The Triton programmer's high-level code is first turned into an intermediate representation that is inspired by the intermediate representation found in the open-source LLVM compiler infrastructure. As Tillet described it in the original paper, "just a few data- and control-flow extensions to LLVM-IR could enable various tile-level optimization passes which jointly lead to performance on-par with vendor libraries."
The intermediate representation is then fed to a just-in-time compiler that does the work of fashioning the various matrices into fragments in a way that will optimally fit in the shared memory and the registers of GPU cores.
The JIT organizes threads of instruction inside GPU cores to pull from the same values in the main memory, called "memory coalescing." Likewise, the JIT places data that are of mutual interest to such threads into shared memory for efficient manipulation, known as "shared memory allocation."
As Tillet describes it, the result are programs that are "single-threaded and automatically parallelized." The JIT is doing the work of auto-tuning the tiles, the data fragments, to most efficiently distribute them amongst cores.
In the original Triton paper, Tillet proposed a C-like form of Triton based on the syntax of CUDA. In this new 1.0 release, however, Triton is integrated with Python. The details are spelled out in the blog post.
The benefit of using Triton should be an immediate speed-up in developing some essential operations of neural networks. As Tillet spells out in the blog post, "It can be used to write FP16 matrix multiplication kernels that match the performance of cuBLAS," an Nvidia library that implements the open-source Basic Linear Algebra Subprograms, "something that many GPU programmers can't do -- in under 25 lines of code."
Tillet works on the project full-time at OpenAI, he said, under the supervision of OpenAI's head of supercomputing, Chris Berner. But also has help on the Triton project from several OpenAI staff members.
"Recently, several OpenAI employees and researchers -- all without GPU programming experience -- have contributed code and ideas to the project," Tillet told ZDNet. "We've used it to accelerate and rewrite a large portion of our GPU kernels, and we are committed to making it even more broadly applicable through subsequent releases."
Tillet noted that the project has received "meaningful contributions" from outside OpenAI, including Da Yan of the Hong Kong University of Science and Technology, the team working on Microsoft's DeepSpeed optimization library, and commercial AI startup Anthropic.
Wednesday's blog post does not emphasize performance metrics other than to say that Triton can match CuBLAS. However, in the original paper by Tillet, the Triton-C version of the language was able to get better performance than Nvidia's CuDNN library when running what is called deep convolutions, operations that treat input as groups of locally-related data, such as image pixels.
Note that the software for the moment is only for Nvidia GPUs; it is not yet available for AMD's GPUs, nor will it compile to CPUs.

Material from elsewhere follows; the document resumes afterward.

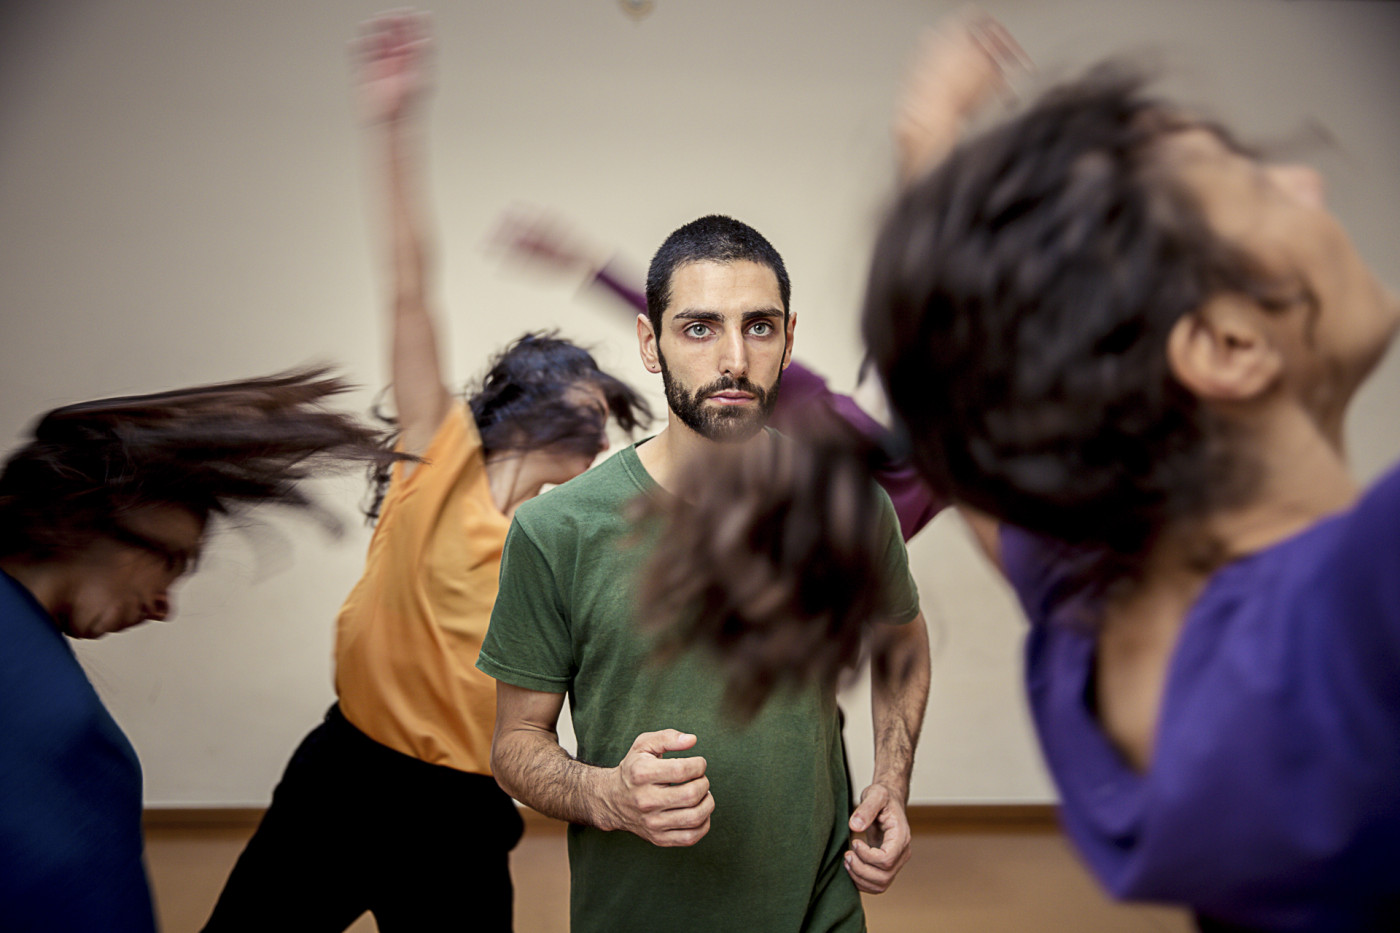 "La danza della realtà" ispirata all’universo di Alejandro Jodorowsky

The authors invite collaborators interested in those chips to join the effort.
Tillet's language effort comes at an interesting time for the field of AI hardware acceleration. Nvidia has substantial competition from AI chip and system startups such as Cerebras Systems, Graphcore, and SambaNova. Those companies all have various chip architectures that can apportion parallel computations to multiple on-die cores. SambaNova, in fact, has a so-called data flow architecture for its chip that shares some of the principles of Triton.
However, all of those vendors have had to develop their own software tools to optimize the movement of PyTorch and TensorFlow programs to their computers. In contrast, Nvidia has the advantage of over a decade of development of CUDA and a wide developer base for the software.